Here’s an antidote.  It is simple yet sophisticated, humble yet sumptuous, tangy but not cloyingly sweet, and light yet not so light when you’ve had 4+ pieces….

Ingredients

Pastry

200g white spelt flour (can be substituted with plain flour)

100g butter, roughly cubed

2 tbsp icing sugar

¼ tsp salt

1 small egg, beaten

12 x 36cm tart tin, greased and dusted with flour

Blueberry filling

800g frozen blueberries

250g caster sugar

1 tsp cinnamon

½ tsp nutmeg

2 tbsp cornflour

Zest of ½ medium sized orange

Method

  1. Place flour, butter, icing sugar and salt in a food processor, and blitz until it resembles damp sand. Pour in the beaten egg, and pulse until the mixture combines to form a soft dough.  Remove from the processor, wrap in baking parchment and place in the fridge for half an hour (or freezer for 10-15 minutes) – this will prevent the dough from shrinking when it bakes.
  2. Preheat the oven to 180˚C. Lightly dust a surface with flour and roll out the dough in a rough rectangle to 0.5cm thickness. Roll the pastry around a rolling pin and transfer to the tin, pressing it into the fluting (if, indeed, your tin is fluted).
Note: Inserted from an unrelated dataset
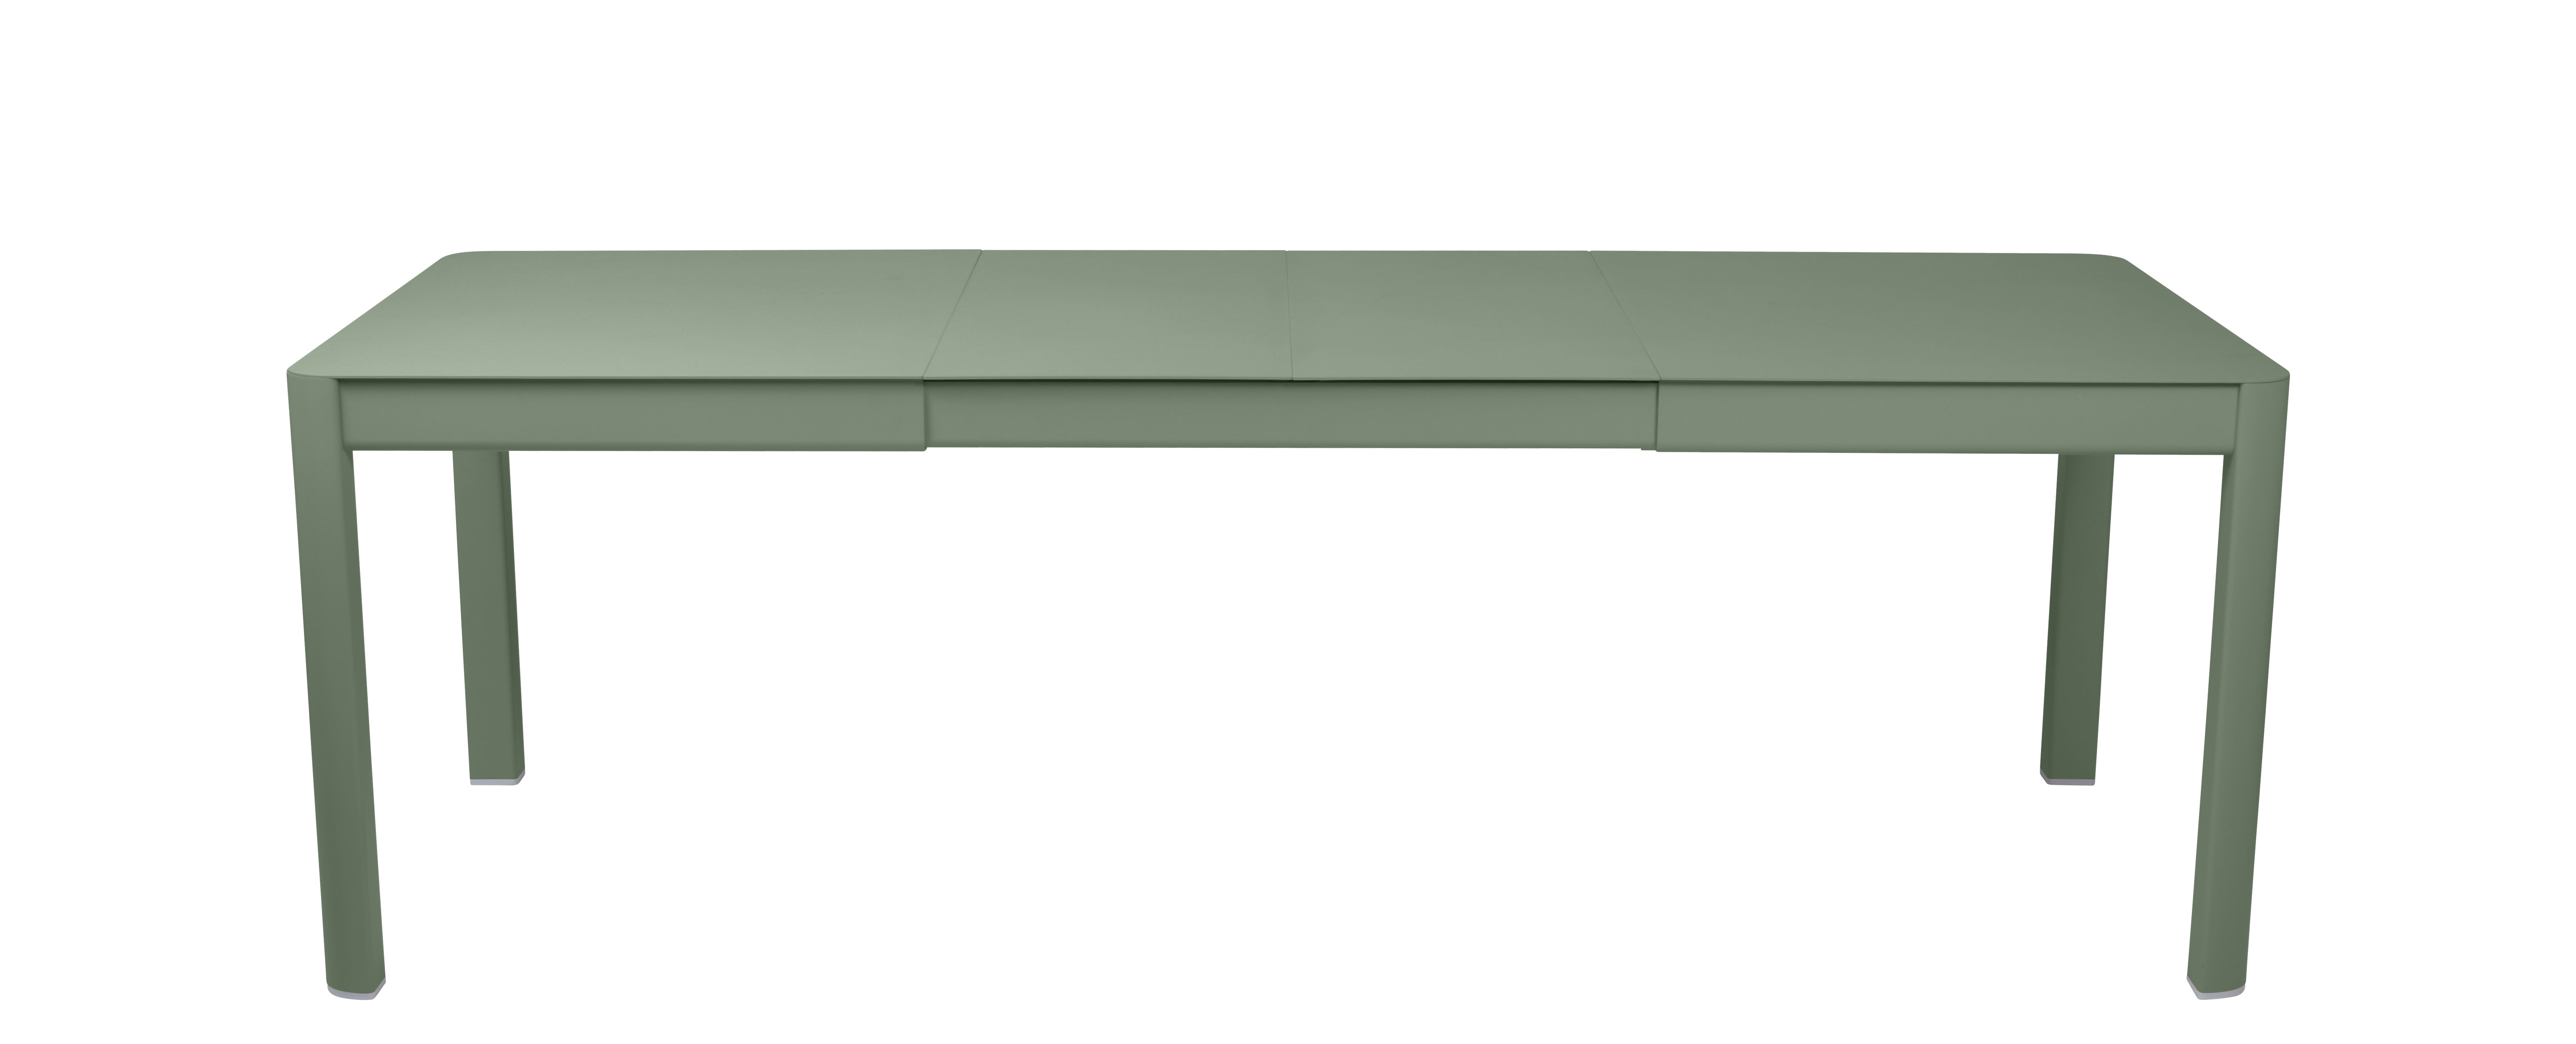 Outdoor - Tables de jardin - Table à rallonge Ribambelle Medium / L 149 à 234 cm - 6 à 10 personnes - Fermob - Cactus - Aluminium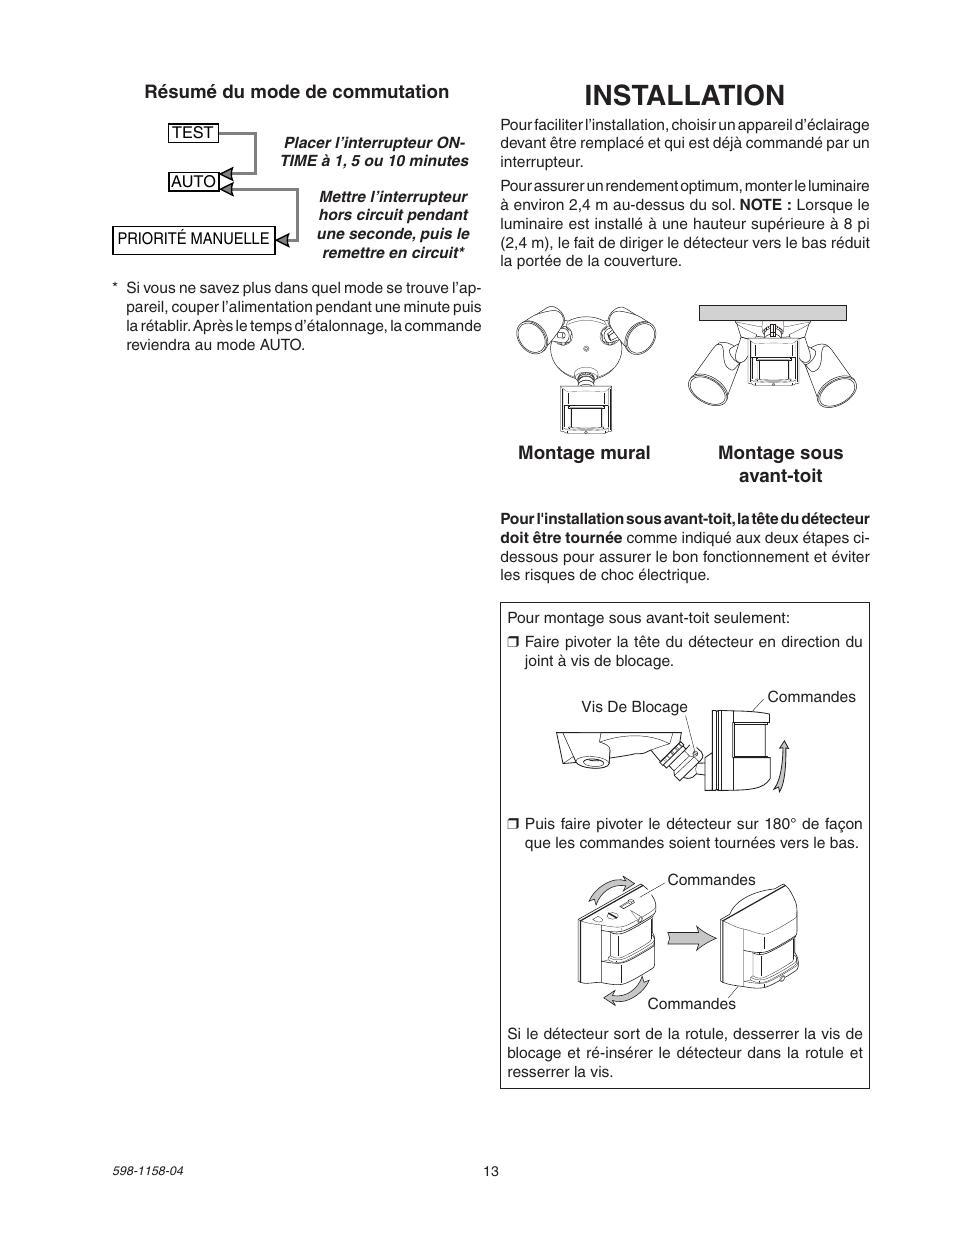 Installation Heath Zenith Motion Sensor Light Control Sh 5412 User

Run a knife along the top edge of the tin to remove excess pastry. Prick the base of the pastry a few times with a fork, and place back in the fridge for 30 minutes (or freezer for 10 minutes).
  3. Prepare the pastry for blind baking by lining the inside with a sheet of tin foil and filling it with baking beads to weigh it down while it bakes and to prevent it from shrinking. Place in the oven for 15-20 minutes until the pastry is dry and beginning to turn golden.  If it is cooking too slowly, you can remove the beads and tin foil after 15 minutes and continue to bake.  Remove from oven and set aside to cool.
  4. To make the spiced blueberry filling, place a large pan over a high heat and pour in all the ingredients. Stir continuously until the sugar is dissolved in the juice that runs off the blueberries. When the mixture begins to boil, reduce the heat to medium-high and allow to simmer for 20-30 minutes, stirring occasionally to prevent it from catching, until the liquid is almost completely reduced and with the viscosity somewhere between a syrup and a jam. Allow to cool to room temperature, then pour into the pre-baked pastry case.